Ensi and Raz are waiting below, furiously fending off a handful of guards. The air glitters with crimsonleaf powder, which Ensi slings in wide arcs. The quarters too close for Raz to use her bow, she makes do with a small curved scimitar.

“Hurry!” Ensi cries. “I’m running out!”

Caspida, Khavar, and Nessa drop to the ground in quick succession, just as the one remaining guard reaches Ensi and raises his sword, poised to take off her head with one strike.

Moving in a blur, Caspida whips out a knife and throws it. The blade sinks into the man’s shoulder with such force that he drops the sword and stumbles backward, screaming.

“Let’s go!” Caspida yells.

The girls cut right and race along the outer wall.
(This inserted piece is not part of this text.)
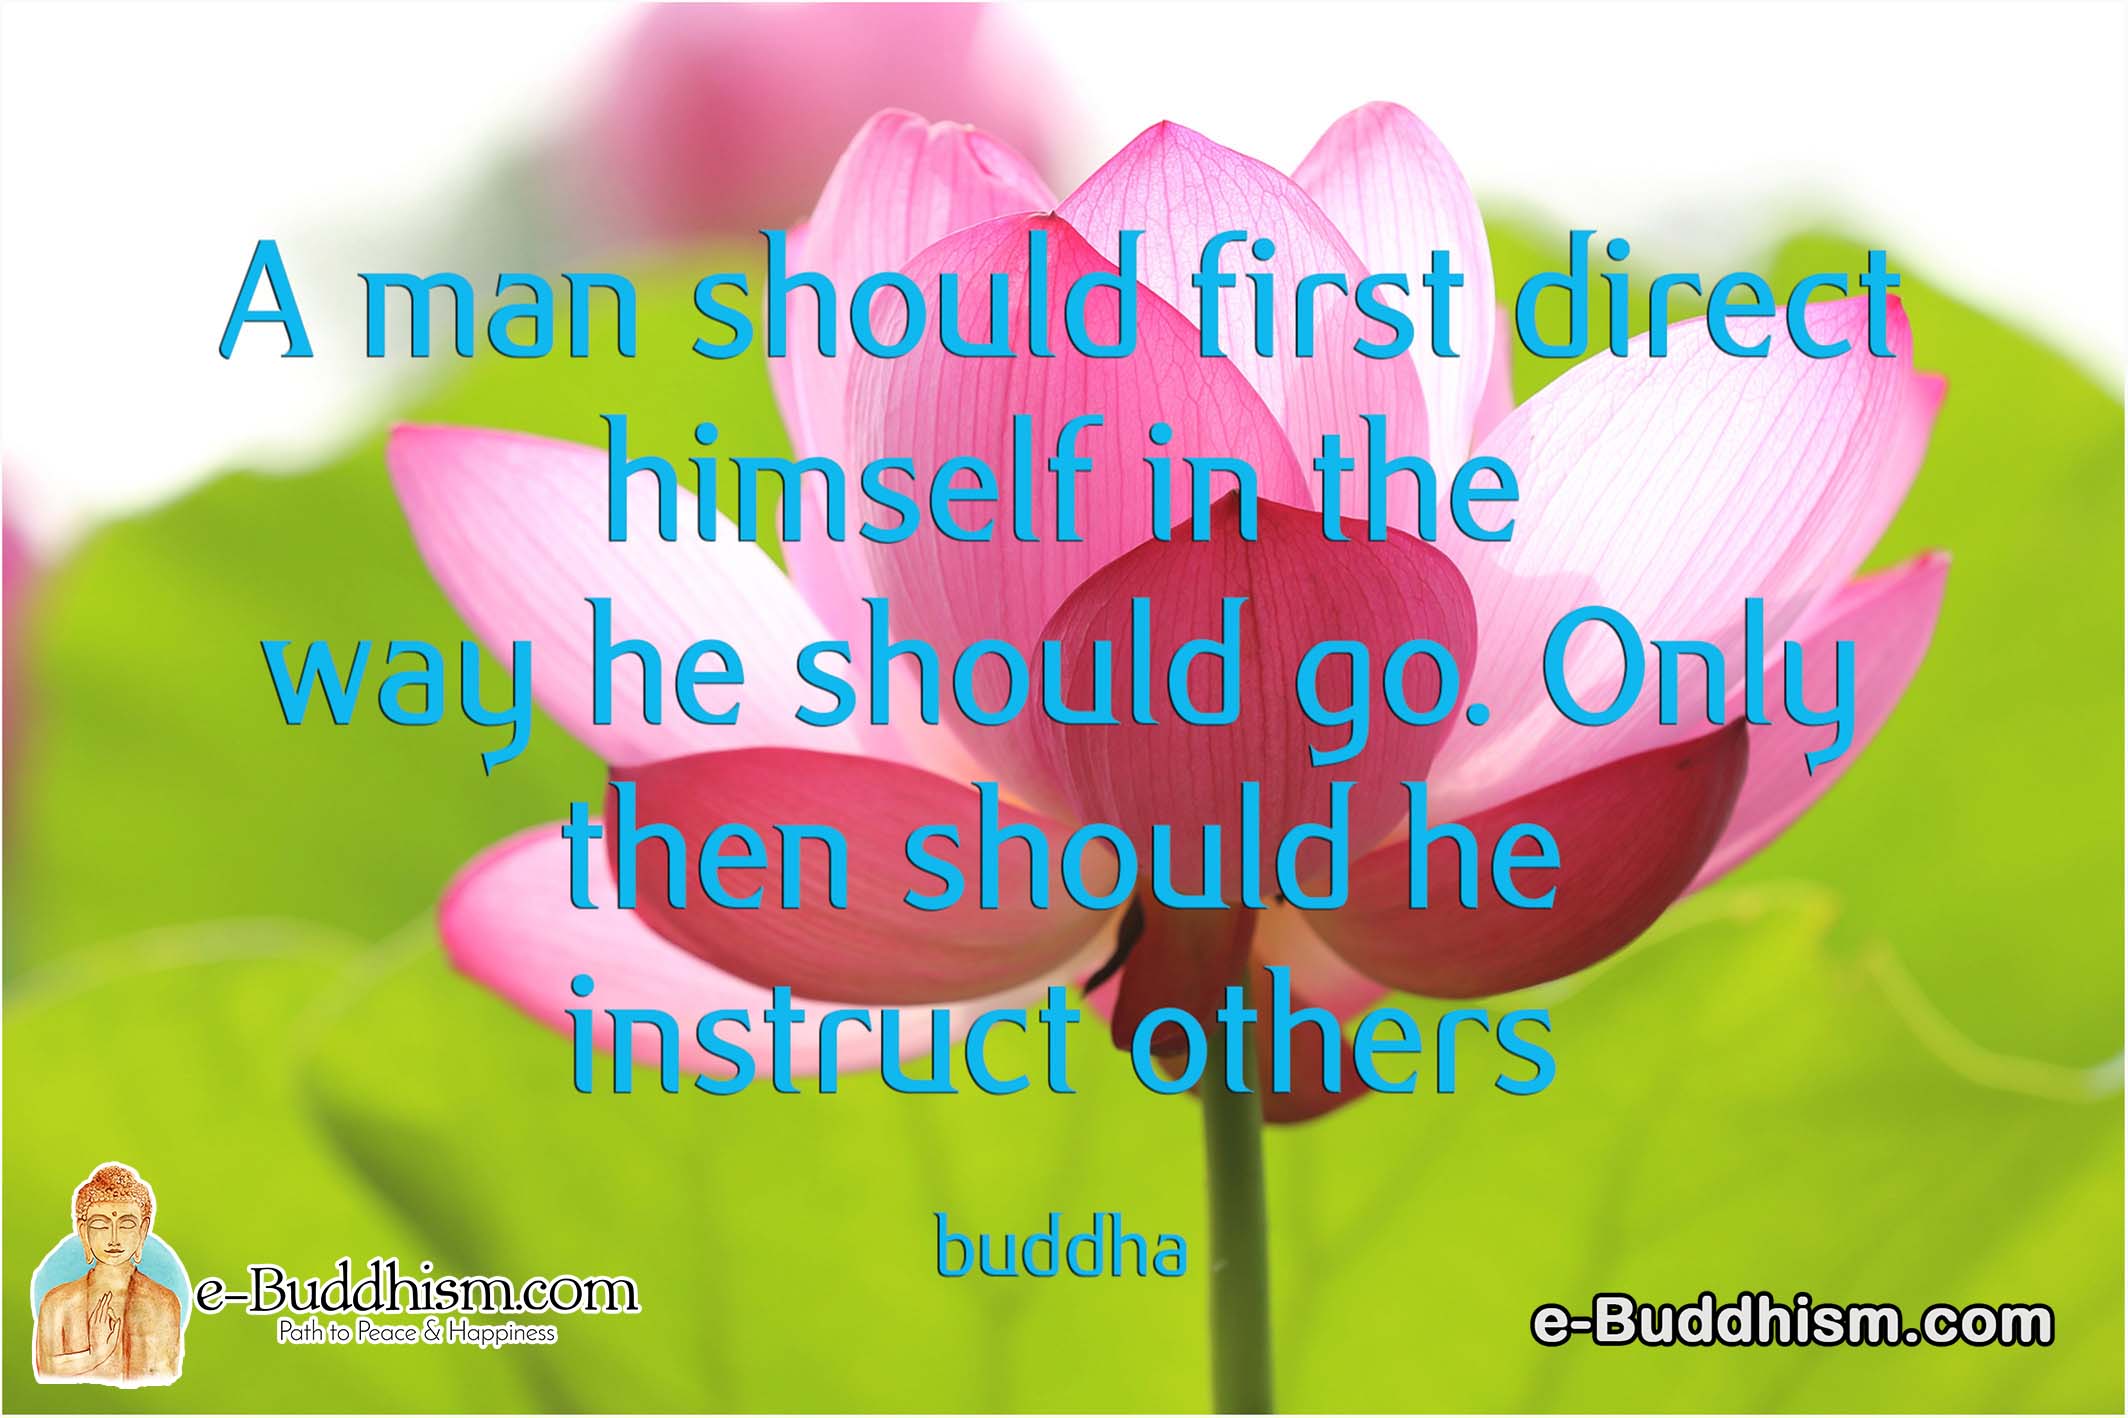 A man himself first direct himself in the way he should go. Only then should he instruct others. -Buddha
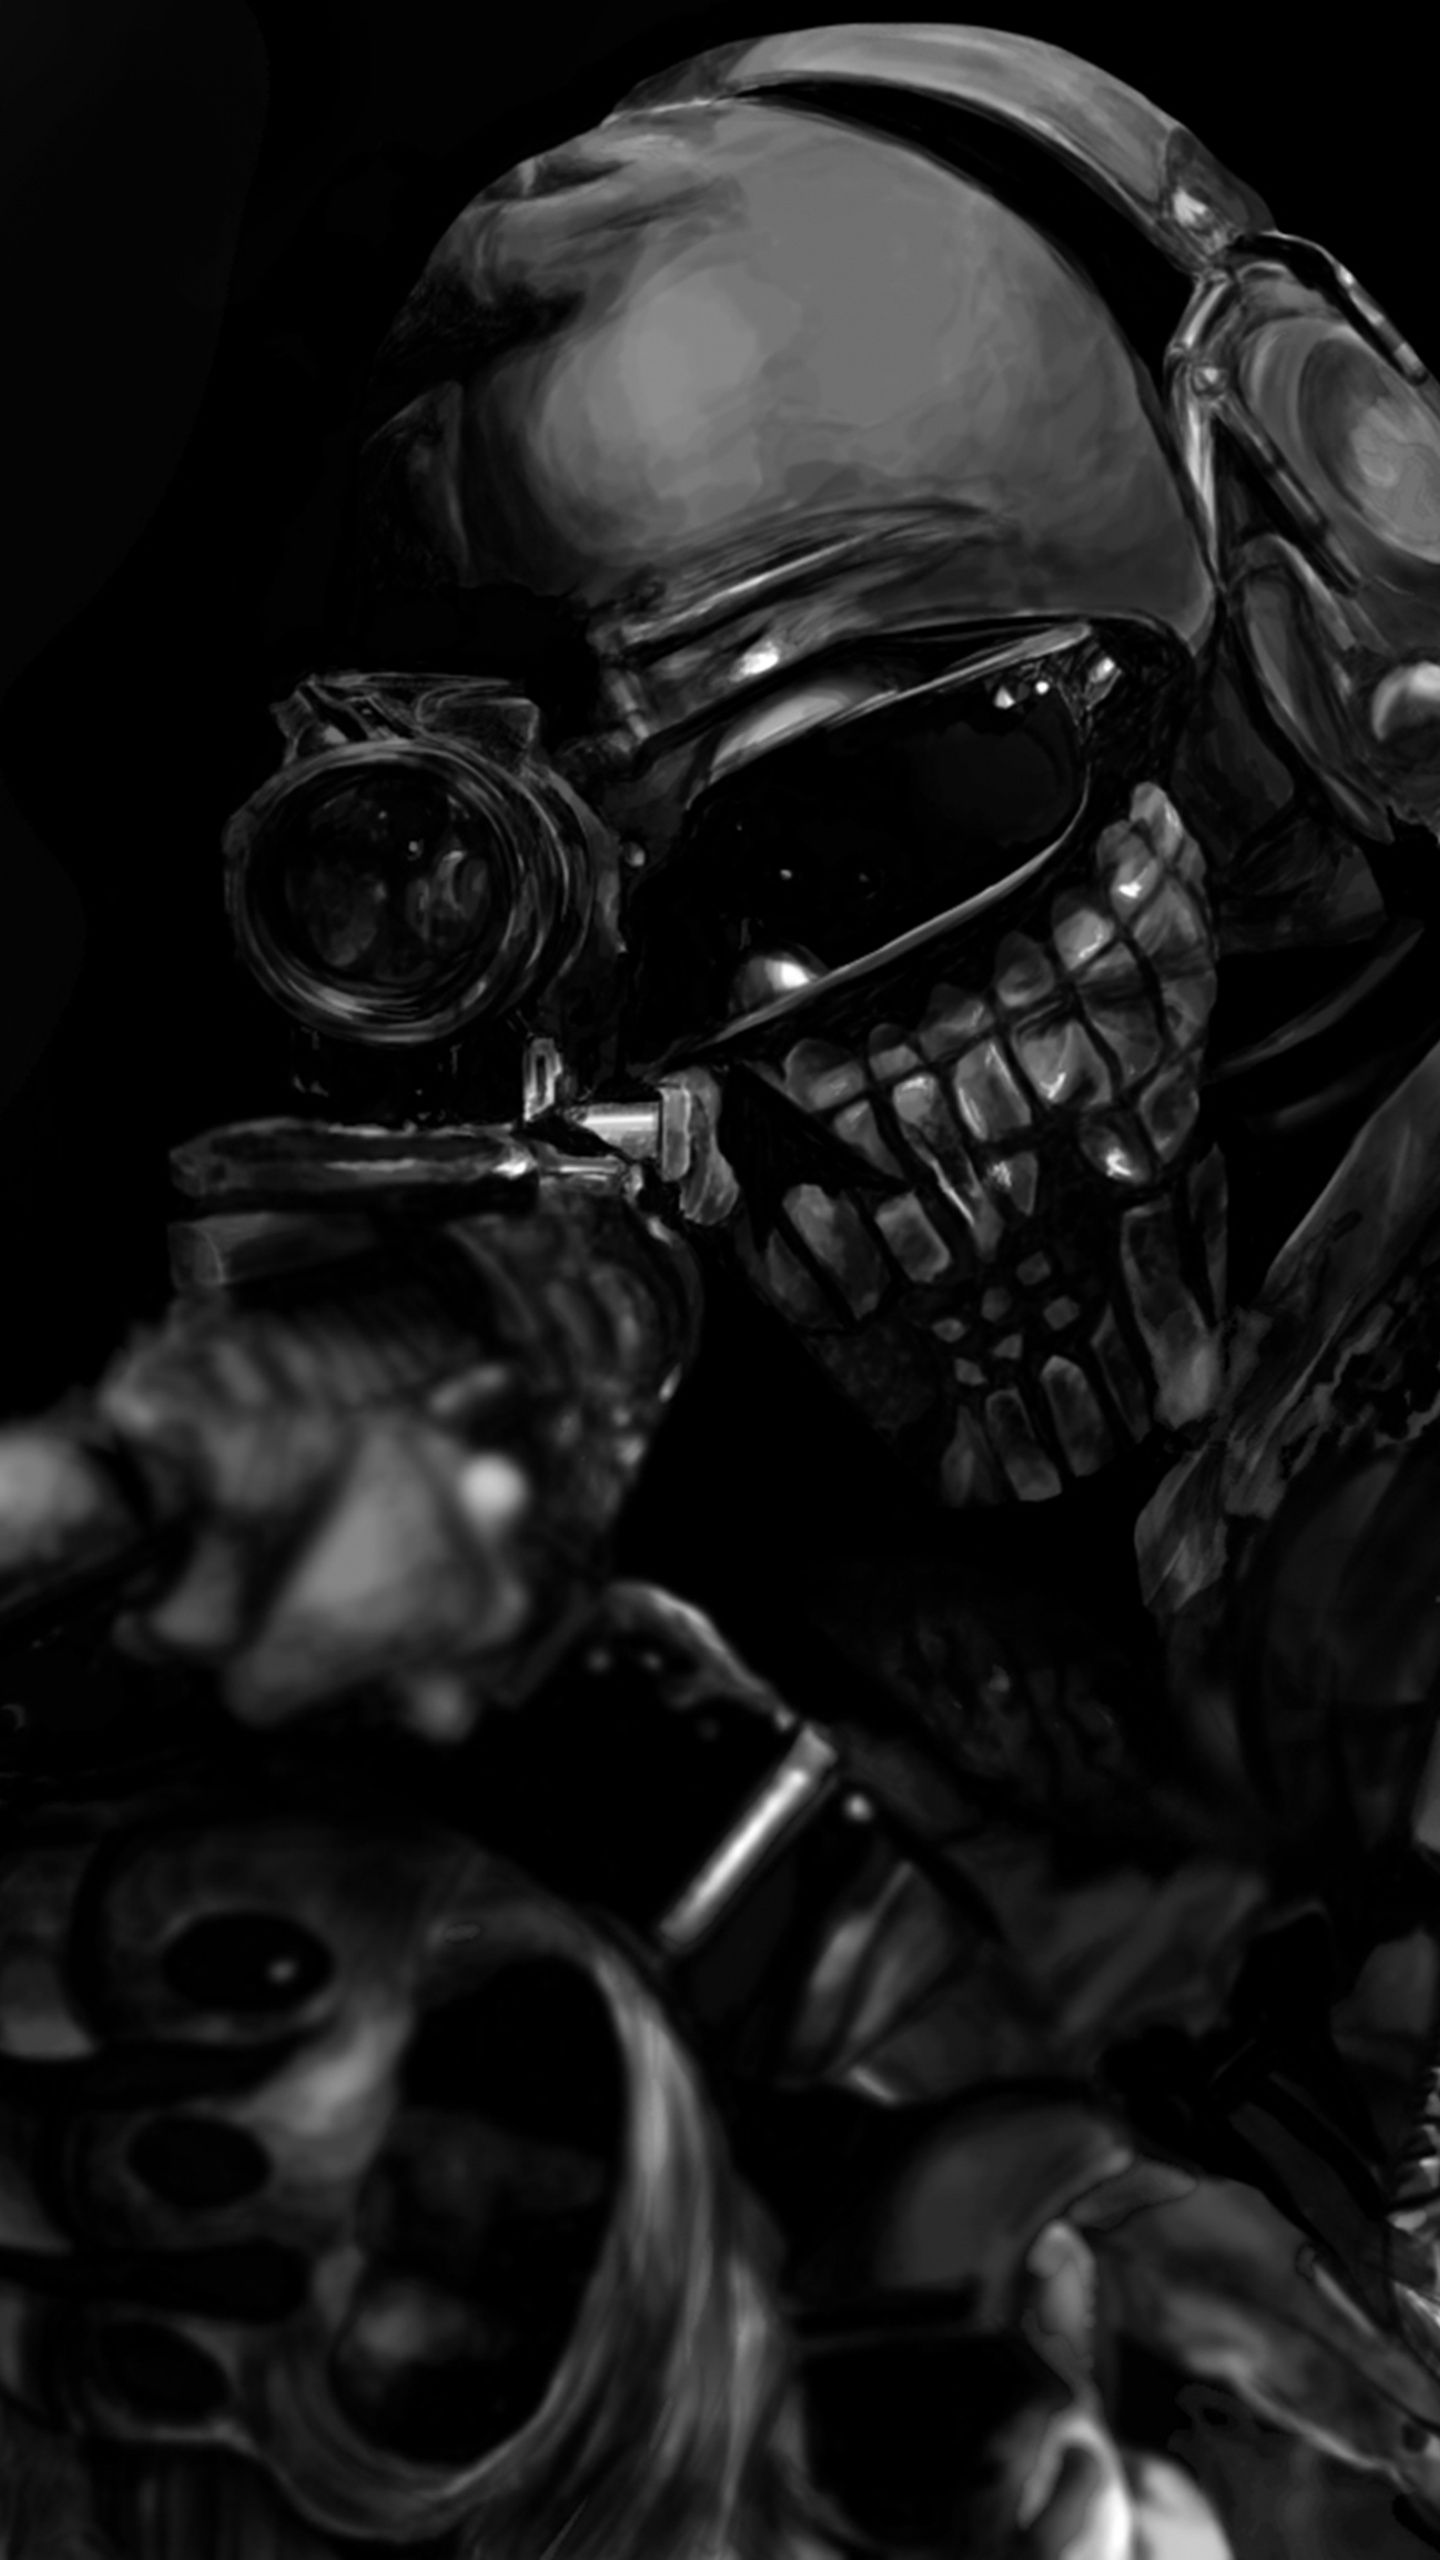 call of duty ghosts iphone 4 wallpaper

When guards take position above and begin firing arrows, they dive behind an abandoned cart of cabbages.

“What now?” cries Ensi.

“We have to go south, through the city,” says Caspida.

“This is a disaster,” moans Khavar. “Poor Gao is so stressed.” She strokes the head of her snake, which emerges from her collar.

“Your snake is stressed?” hisses Nessa.

“Everyone quiet!” Caspida orders. “Get this cart moving. Stay low, and it’ll block their shots.”

The girls, still crouched, grab the side of the cart and begin rolling it forward. Arrows pound into the other side and sink into the cabbages with a wet sound very much like flesh. Bits of leafy greens rain down on their heads.

“Ugh,” says Ensi. “I hate cabbage.”

Caspida hazards a look over the cart, ducking swiftly when an arrow drives into the wall above her head. “Not much farther.”

I have a sickening sense of where we are going, and trapped as I am, there is no way to plead my case, to make her see the truth. Panic begins pulsing through me. I swirl around and around, curling and twisting with dread. Stop, please, let’s talk, let’s think this through, I can help you . . .

The girls reach the wall separating the palace district from the common one and hurtle over it like a troupe of acrobats, dropping to the other side, oblivious to my cries.

Caspida glances up and down the wall. “They’ll not stop here.”

The city is waking as the girls hurry through the streets. Though the sun is still hidden, the sky is turning faintly lighter, and the smells of baking bread and brewing tea waft through the air. The girls are forced to slow their pace, to blend in to the early crowd of yawning commoners on their way to set up stalls in the market. Caspida leads the way, moving with familiarity along the alleys and side streets that bend crookedly between the looming buildings. The others keep a sharp eye out, all of them walking in a tight knot, still hidden in the predawn gloom by their dark clothing. Caspida ties the lamp to her belt so she can draw her cloak around herself, her hood low over her face.